Só quatro entre os 55 nomes da "lista de Janot" viraram réus no STF

Aníbal Gomes, Eduardo Cunha, Gleisi Hoffmann e Nelson Meurer são os únicos que respondem à ação penal a partir da primeira relação de políticos investigados em decorrência da Lava-Jato  

Só quatro entre os 55 nomes da "lista de Janot" viraram réus no STF José Cruz/Agência Brasil
Foto: José Cruz / Agência Brasil

Eram 20h38min de uma abafada sexta-feira que parecia não ter fim em Brasília.

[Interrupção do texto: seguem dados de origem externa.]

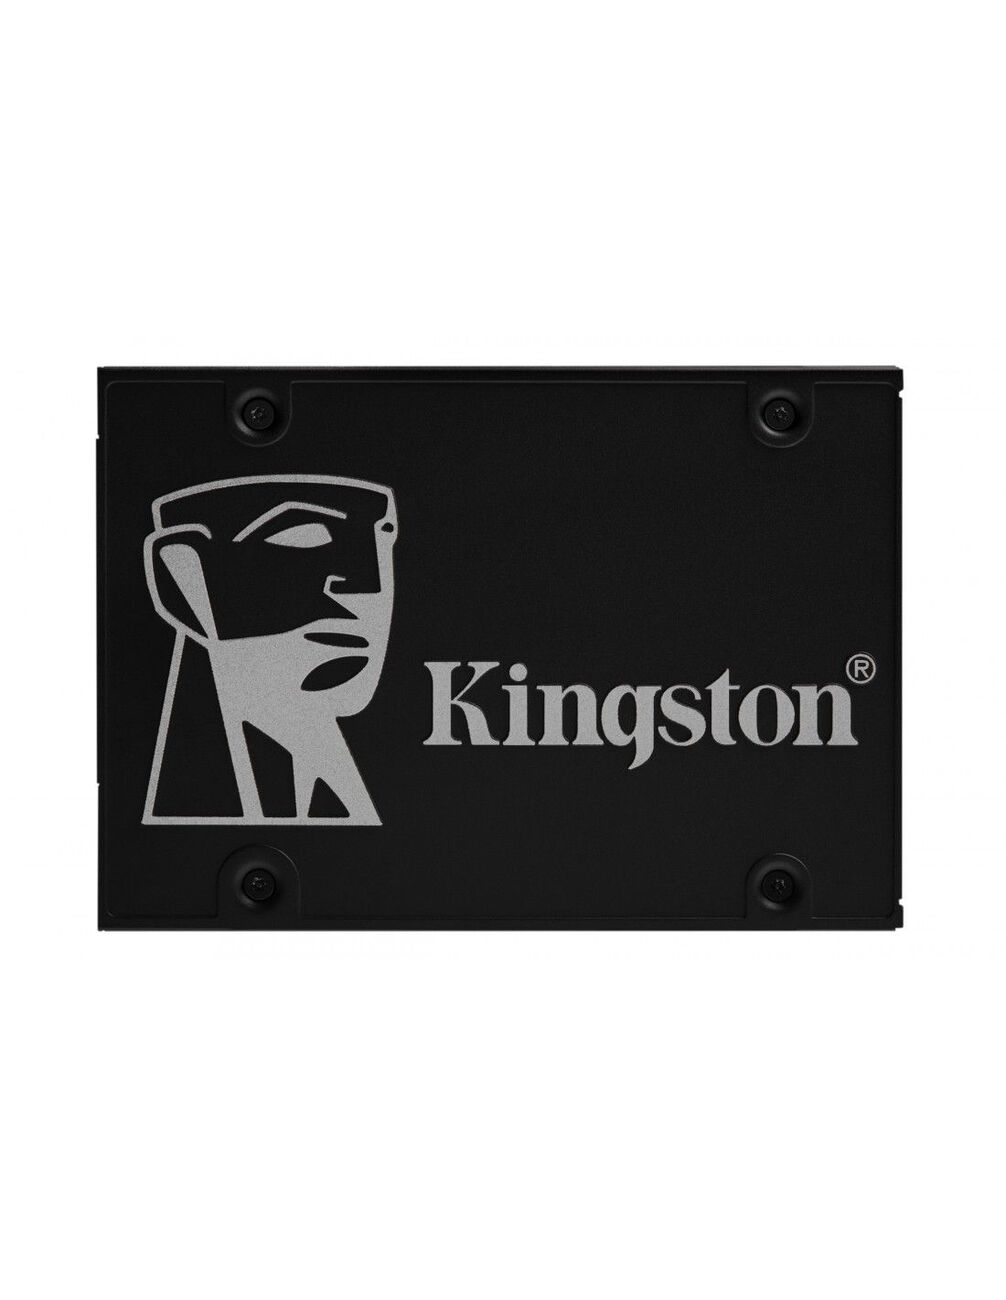 KINGSTON SSD INTERNO KC600 CRITTOGRAFATO 1TB 2.5 SATA 6GB/S

Naquele 6 de março de 2015, um ano após a Lava-Jato ser deflagrada, finalmente acabava o suspense em torno da identidade dos figurões do poder envolvidos no maior esquema de corrupção e lavagem de dinheiro do país.

Acotovelados na sala de imprensa do Supremo Tribunal Federal (STF), repórteres revelavam um a um os nomes de 54 políticos e um lobista citados nas apurações preliminares do procurador-geral da República, Rodrigo Janot. Dois anos depois e às vésperas de outro terremoto político vir a abalar o país com a divulgação das delações da Odebrecht, apenas quatro integrantes da famigerada "lista de Janot" se tornaram réus perante a Corte, mostra levantamento de ZH.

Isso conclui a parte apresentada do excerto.